Methodological Strengths

  • Integration of single-cell whole-genome sequencing with bulk RNA-seq across clinically distinct PPGL cohorts
  • Inclusion of both synchronous and metachronous metastatic cases to interrogate early markers

Limitations

  • Sample size and exact diagnostic performance metrics are not provided in the abstract
  • Lack of external prospective validation and unclear clinical assay standardization

Future Directions: Prospective validation of transcriptomic classifiers, development of clinically deployable assays, and integration with imaging/biochemical markers.

2. Blood pressure response to mineralocorticoid receptor antagonists or aldosterone synthase inhibitors according to baseline renin levels.
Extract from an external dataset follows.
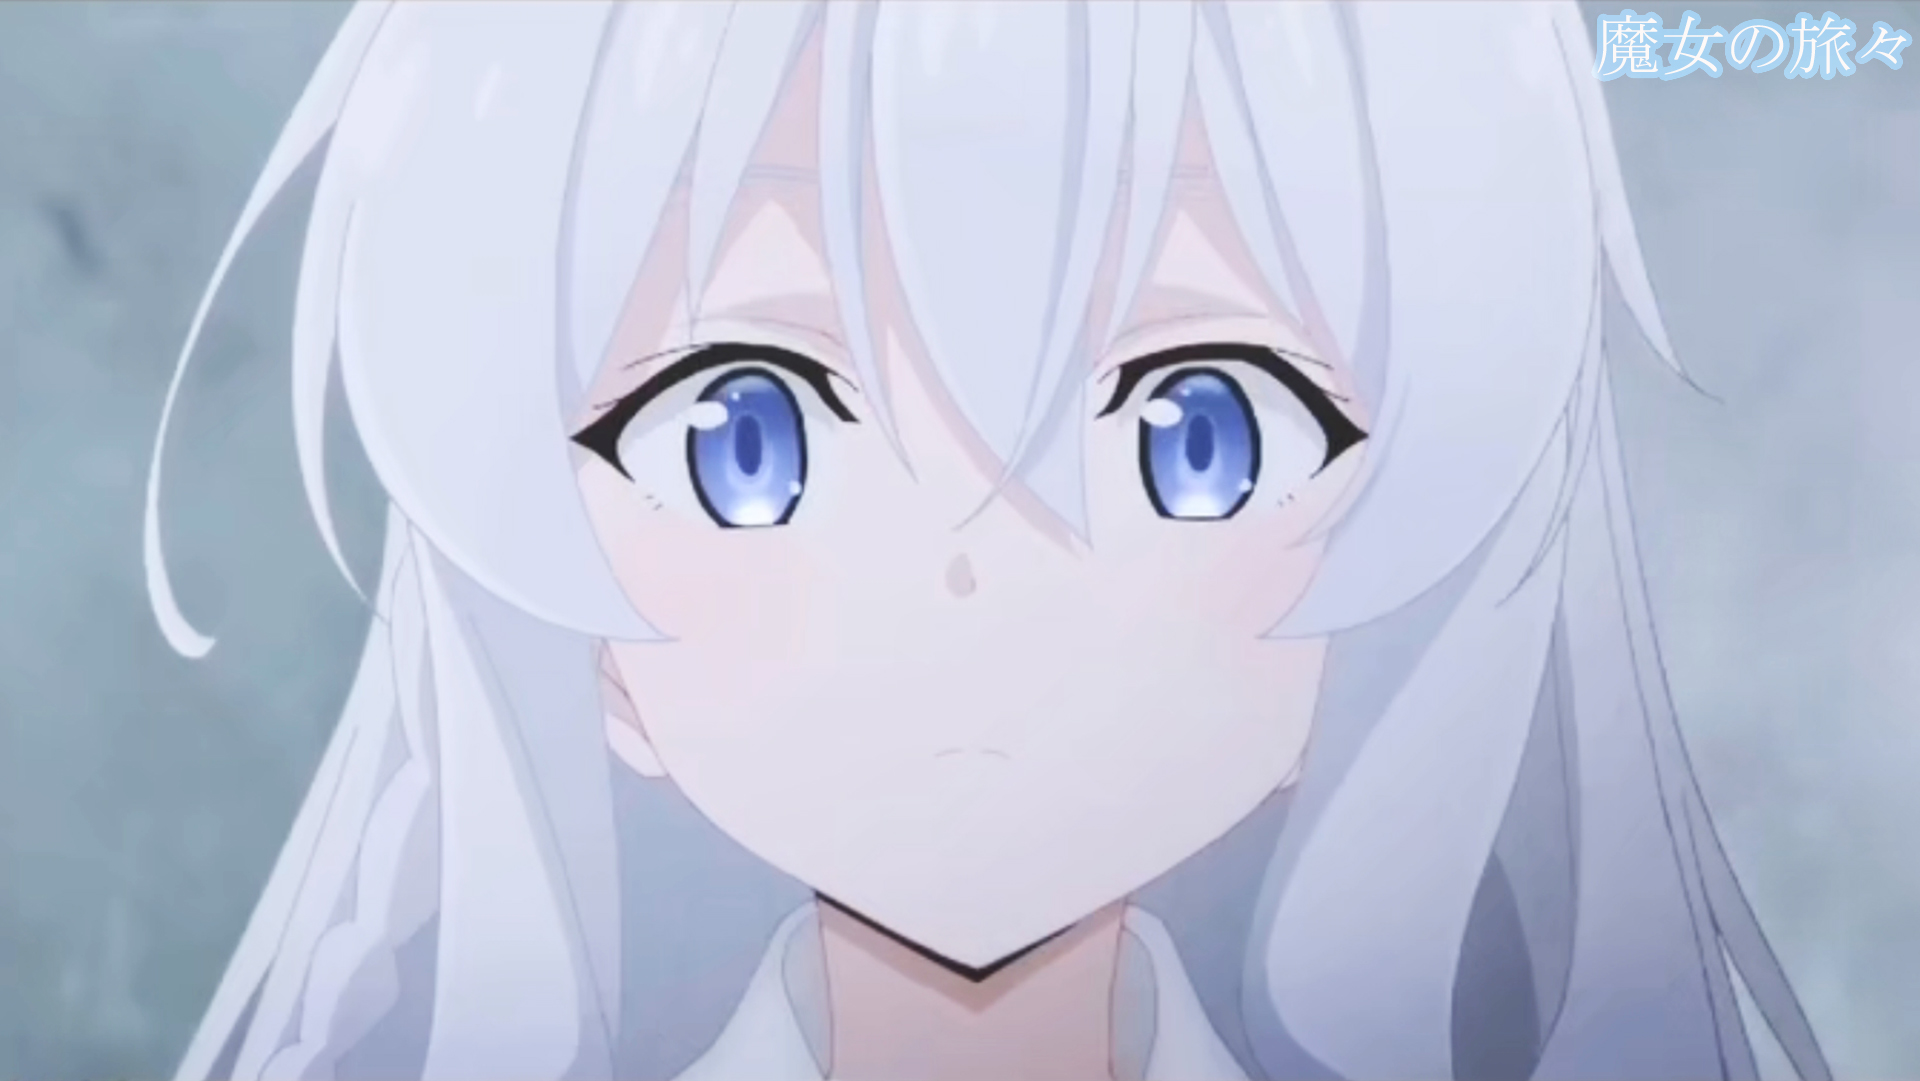 Vẽ mắt là một trong những bước quan trọng khi vẽ Anime. Hãy tìm hiểu cách vẽ mắt Anime qua bức tranh Anime mắt này. Bạn sẽ được khám phá ra những kỹ thuật và bí quyết để tạo ra một bức tranh Anime mắt chân thật và ấn tượng.

65.5Level IMeta-analysisJournal of human hypertension · 2025PMID: 40319182

A random-effects meta-analysis of four RCTs shows that blood pressure reduction with MRAs or aldosterone synthase inhibitors does not depend on baseline plasma renin. These findings challenge renin-based stratification for selecting patients for aldosterone-pathway therapies.
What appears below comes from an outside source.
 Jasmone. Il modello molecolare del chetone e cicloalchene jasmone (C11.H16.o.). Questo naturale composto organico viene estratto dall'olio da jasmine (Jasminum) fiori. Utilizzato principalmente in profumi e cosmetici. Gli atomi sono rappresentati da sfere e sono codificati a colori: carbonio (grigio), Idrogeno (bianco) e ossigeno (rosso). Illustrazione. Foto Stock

Impact: By aggregating randomized evidence, this study questions a common clinical heuristic—using renin to predict response to aldosterone-targeted therapy—and supports broader applicability.

Clinical Implications: Routine renin testing may be unnecessary for predicting BP response to MRAs/ASi, simplifying treatment decisions while emphasizing other clinical indicators.

Key Findings

  • Random-effects meta-analysis of four randomized clinical trials was conducted.
  • Blood pressure response to MRAs or aldosterone synthase inhibitors was independent of baseline plasma renin levels.
  • Findings question renin-based patient stratification for aldosterone-pathway antihypertensives.

Methodological Strengths

  • Restriction to randomized clinical trials reduces confounding
  • Use of random-effects model accommodates between-trial heterogeneity

Limitations

  • Only four RCTs included; statistical power and generalizability may be limited
  • Effect sizes by renin strata and heterogeneity statistics are not detailed in the abstract

Future Directions: Larger IPD meta-analyses and trials testing renin-guided versus usual care strategies to confirm lack of predictive value.

3. Association of obesity- and insulin resistance-related indices with subclinical carotid atherosclerosis in type 1 diabetes: a cross-sectional study.

61.5Level IIICohortCardiovascular diabetology · 2025PMID: 40319311

In 418 adults with type 1 diabetes, multiple adiposity/insulin resistance indices were compared for their association with subclinical carotid atherosclerosis. CVAI showed the strongest adjusted association (per 1 SD increase OR 1.68, 95% CI 1.16–2.47), suggesting promise as a screening marker pending longitudinal validation.

Impact: This work benchmarks a wide panel of obesity/IR indices and highlights CVAI as a practical, potentially superior marker for vascular risk assessment in type 1 diabetes.

Clinical Implications: CVAI may help identify T1D patients with subclinical carotid disease for targeted prevention and monitoring; however, prospective studies are needed before routine adoption.

Key Findings

  • Among 418 adults with T1D, numerous adiposity/IR indices were evaluated against subclinical carotid atherosclerosis using multivariable logistic models, RCS, and ROC analyses.
  • CVAI demonstrated the strongest adjusted association with subclinical carotid atherosclerosis (per 1 SD increase OR 1.68, 95% CI 1.16–2.47).
  • Findings support CVAI as a candidate marker for vascular risk stratification in T1D, warranting longitudinal validation.

Methodological Strengths

  • Comprehensive comparison across many established adiposity/IR indices
  • Use of multivariable adjustment, restricted cubic splines, and ROC analyses

Limitations

  • Single-center, inpatient cohort in China limits generalizability
  • Cross-sectional design precludes causal inference; follow-up data not provided

Future Directions: Prospective studies to test predictive value of CVAI for incident atherosclerotic events and to define actionable thresholds in diverse T1D populations.